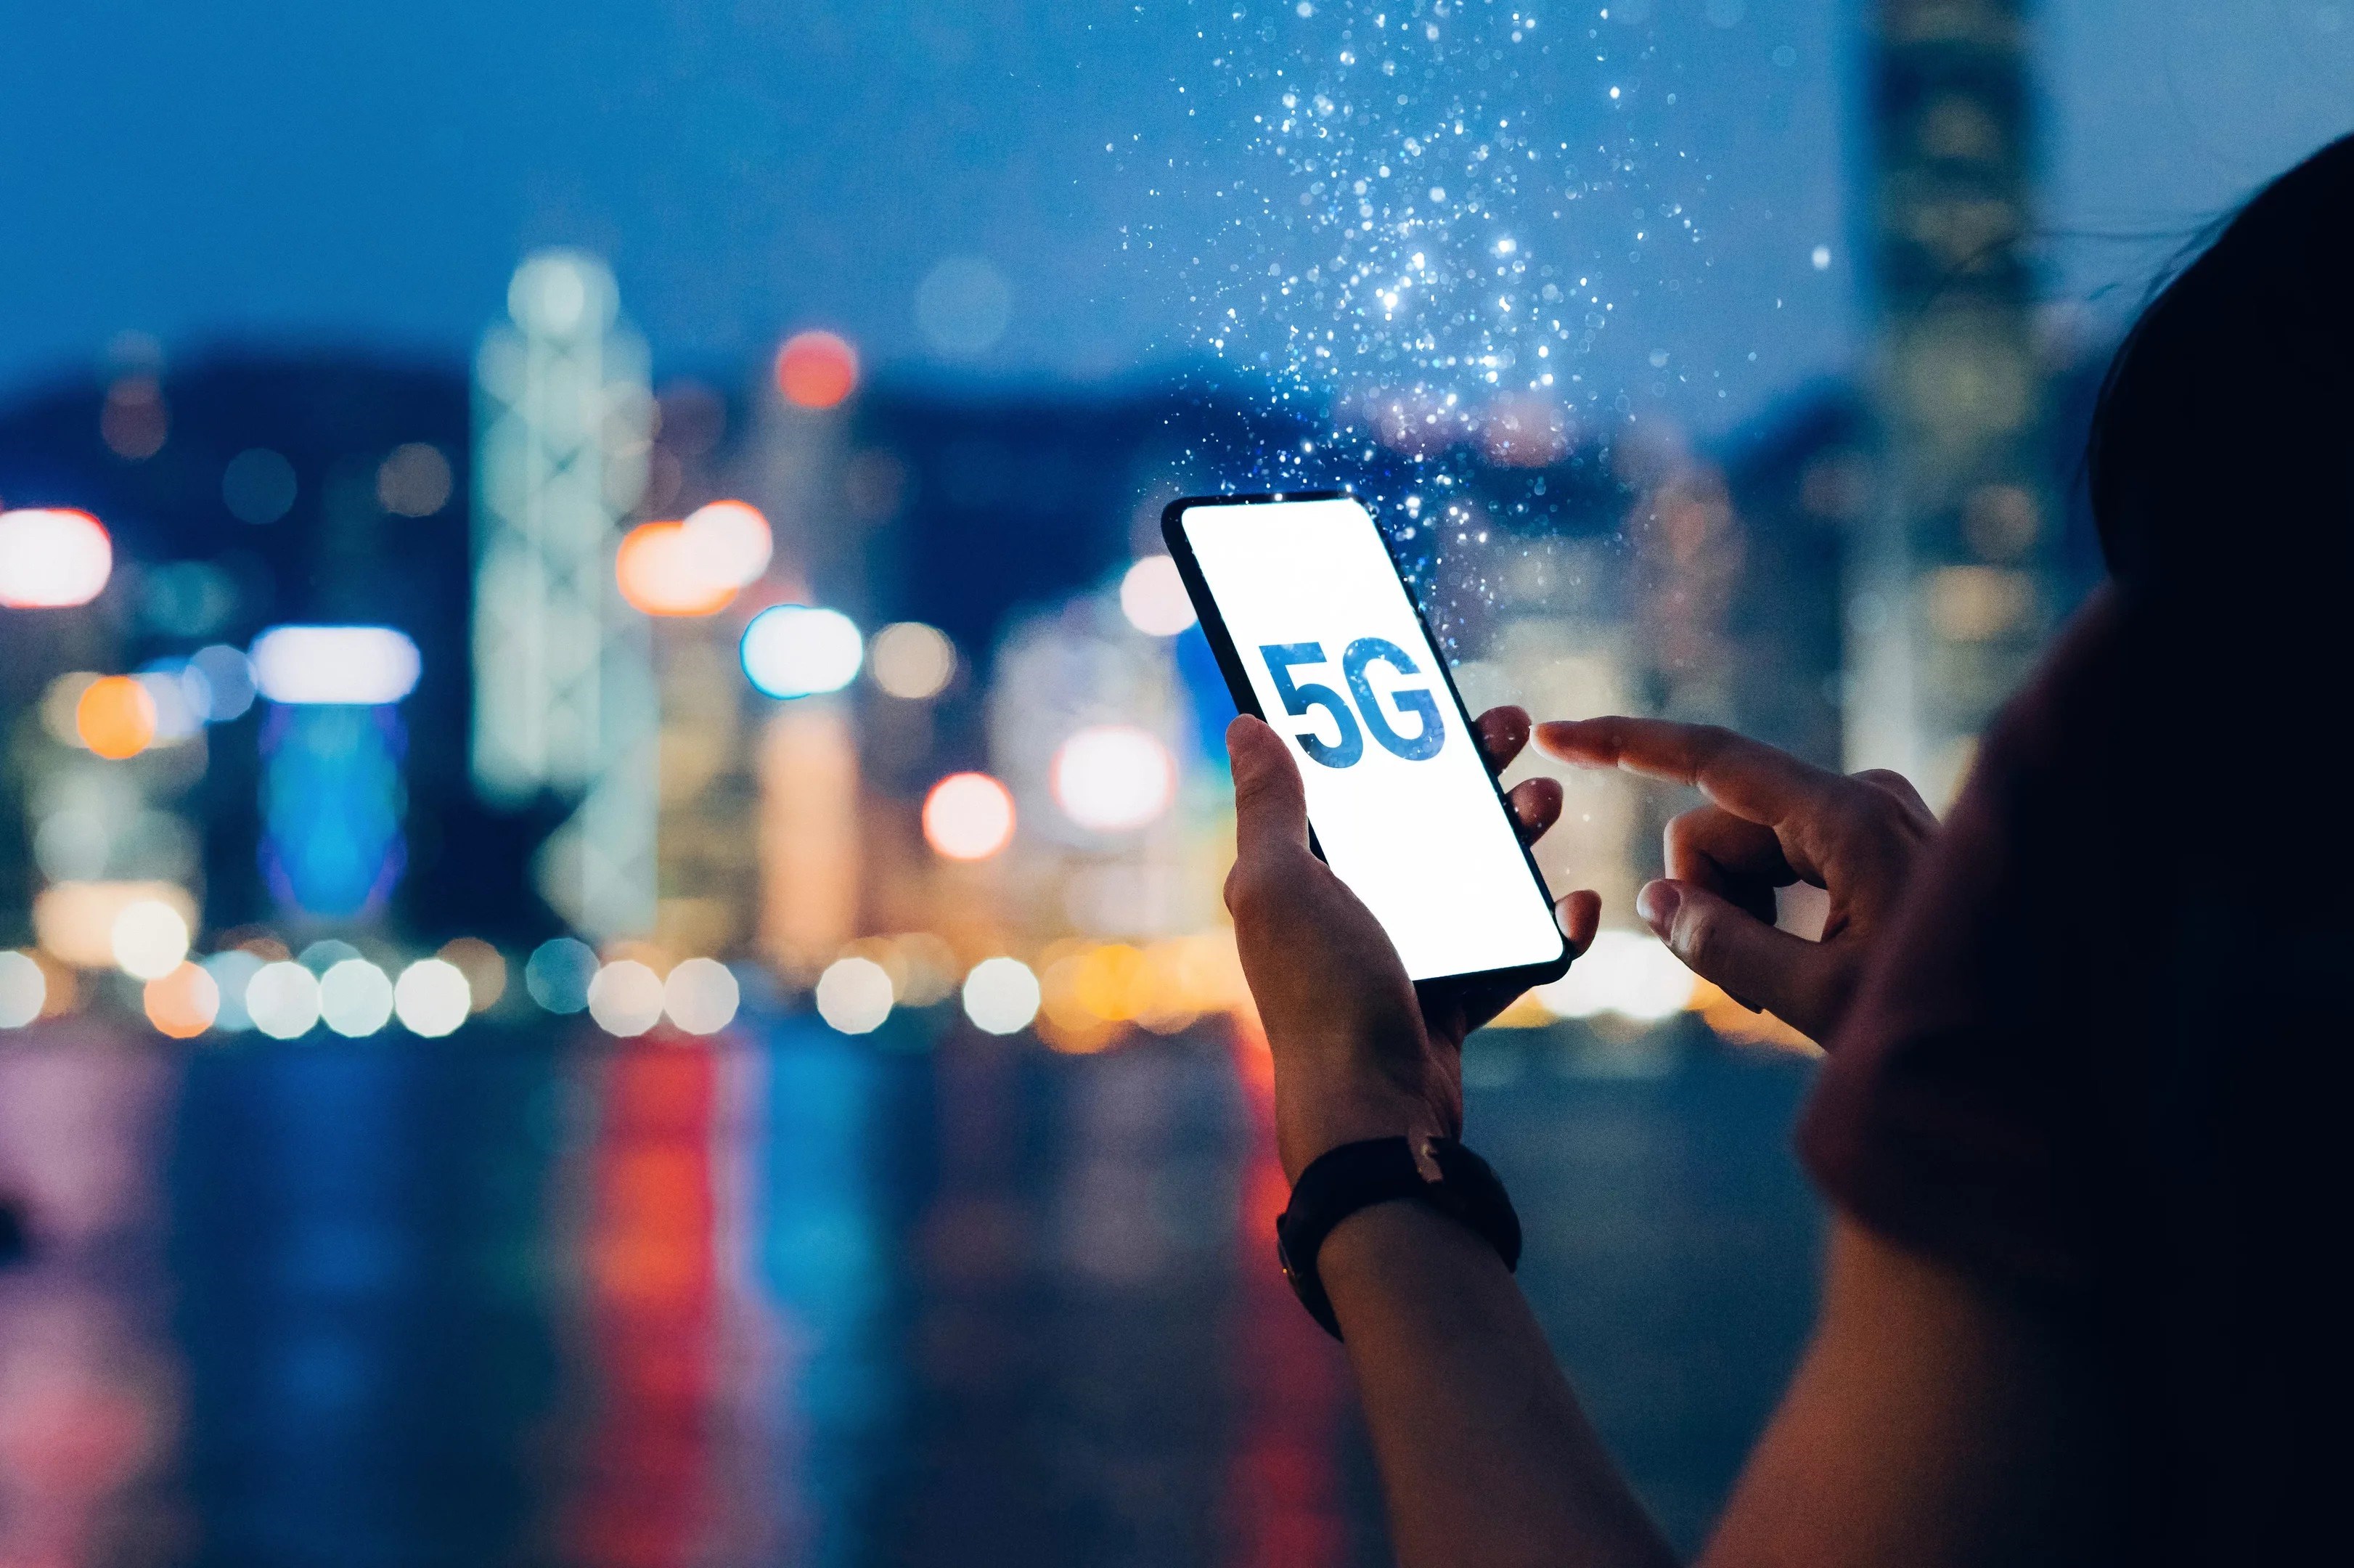 Dünya genelinde 5G kullanıcısı sayısı 1 milyarı geçti
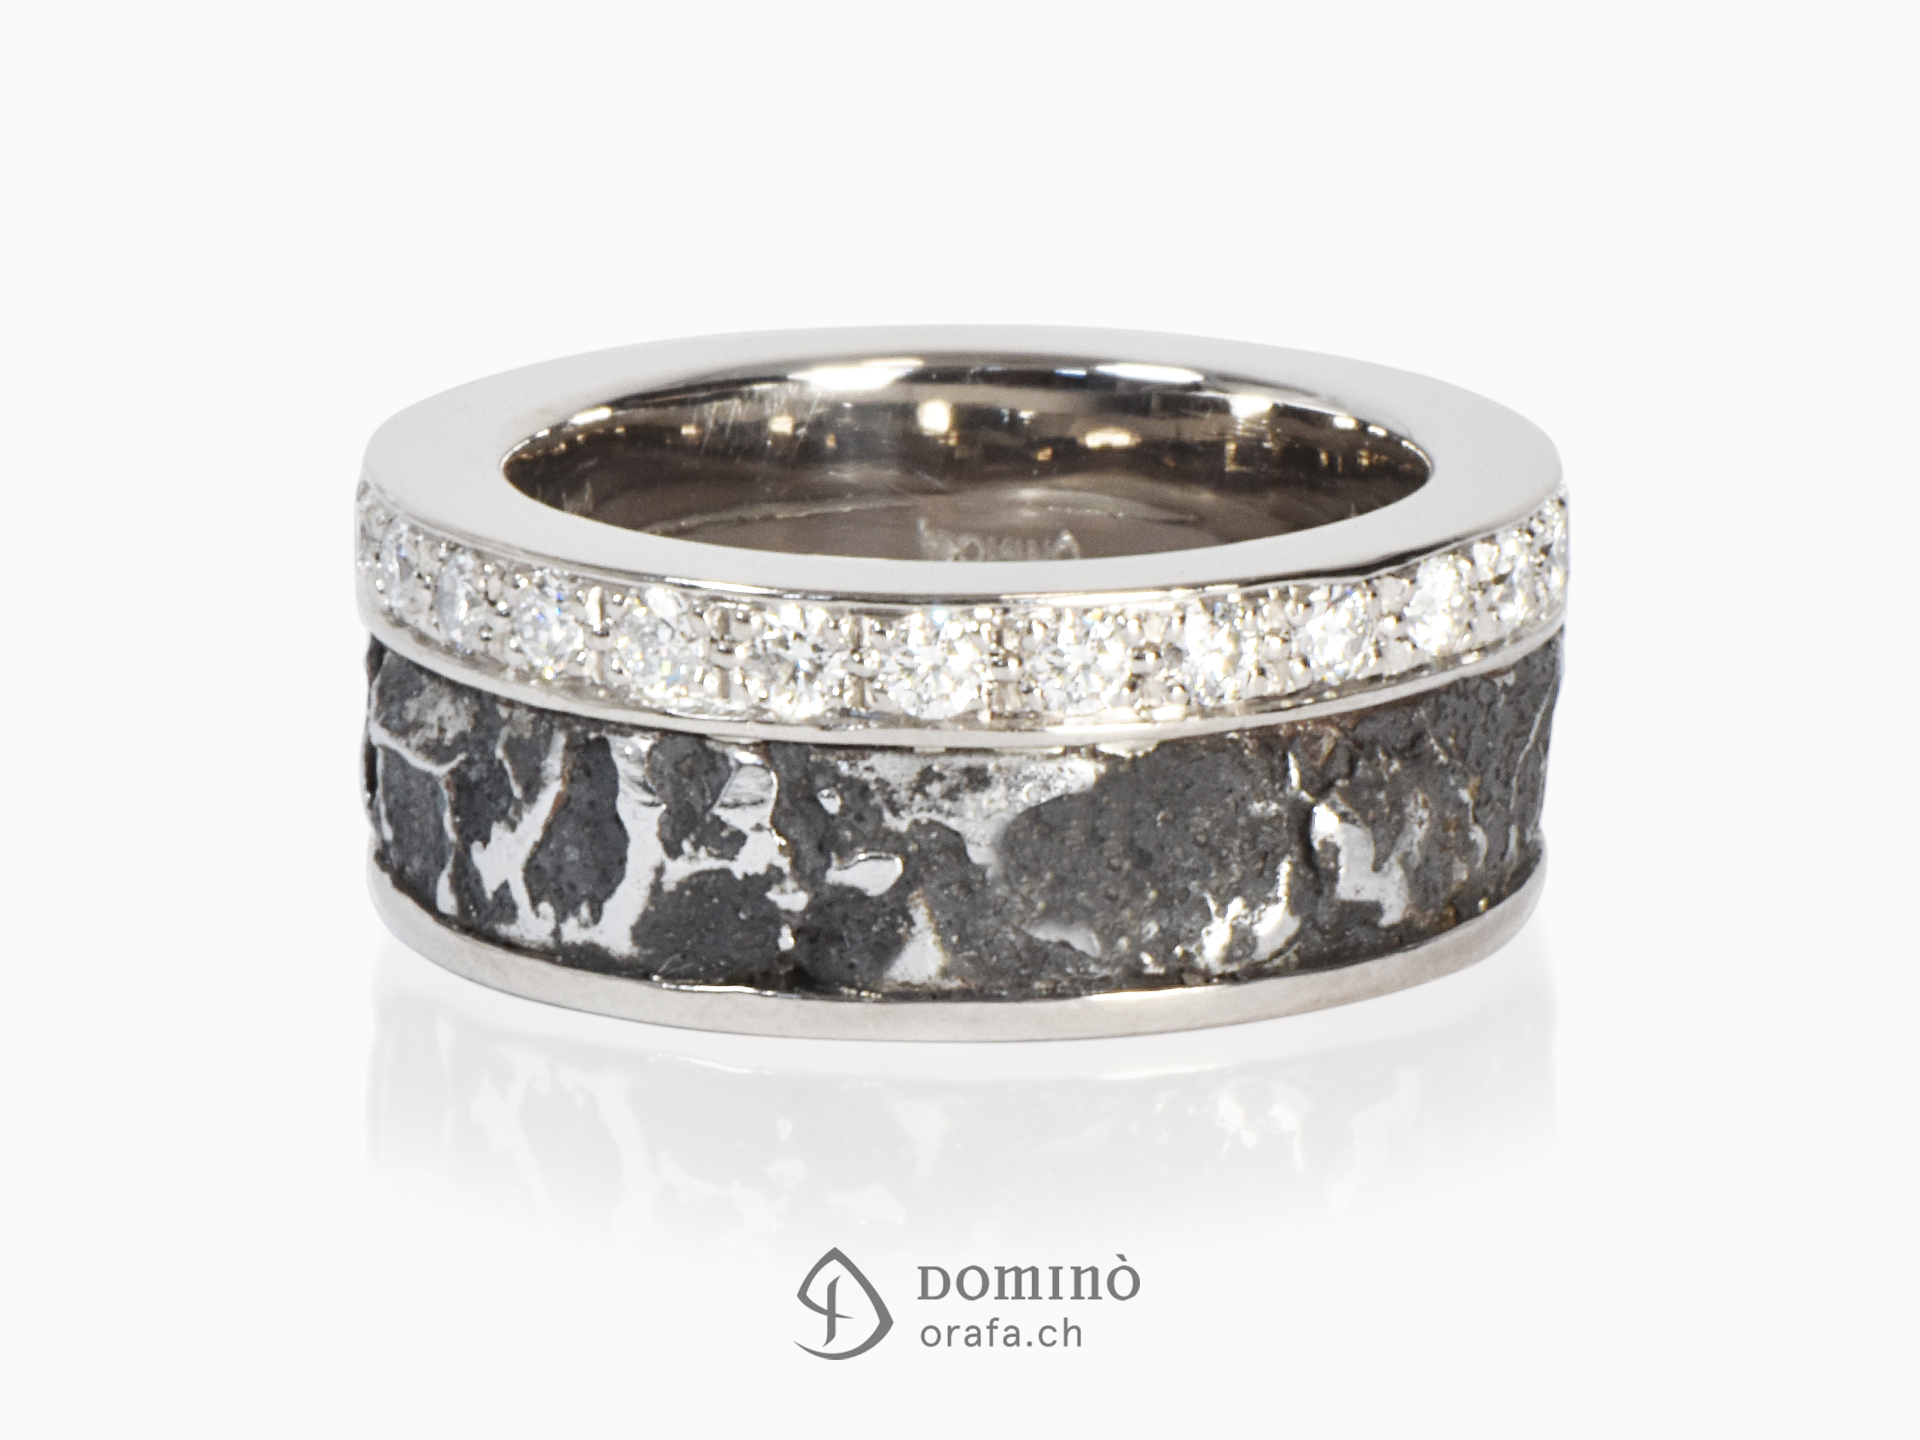 Ferro prezioso ring with diamonds
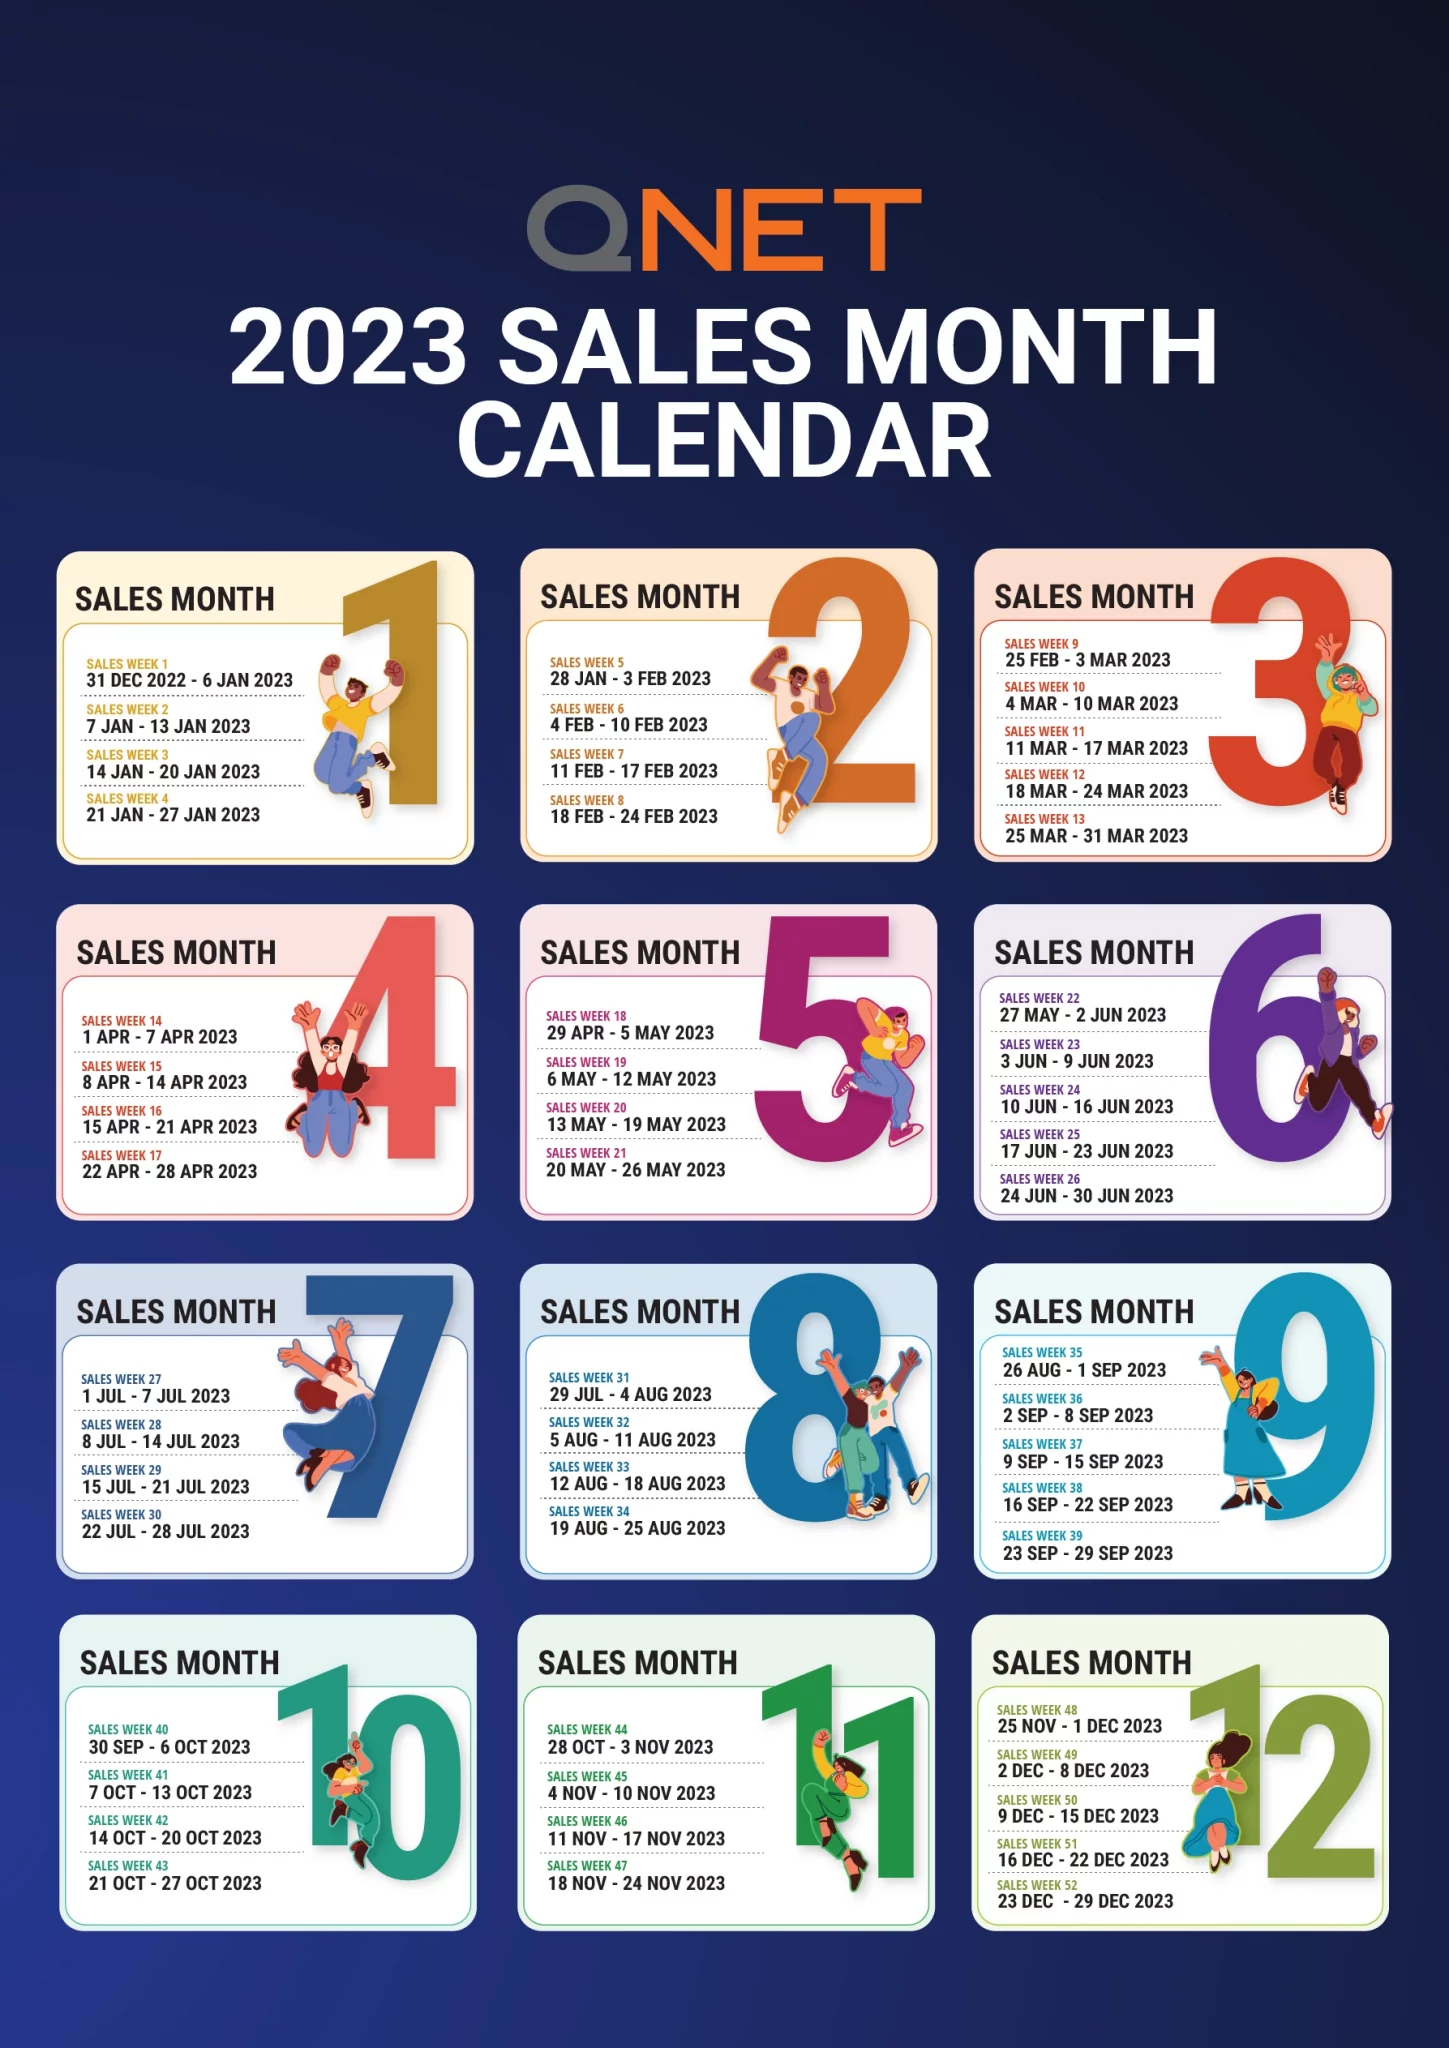 QNET's 2023 sales month calendar

## What you will do
Copy each line above exactly, with no images.

## Output of the exercise
 Dünya genelinde 5G kullanıcısı sayısı 1 milyarı geçti
 Ferro prezioso ring with diamonds
 QNET's 2023 sales month calendar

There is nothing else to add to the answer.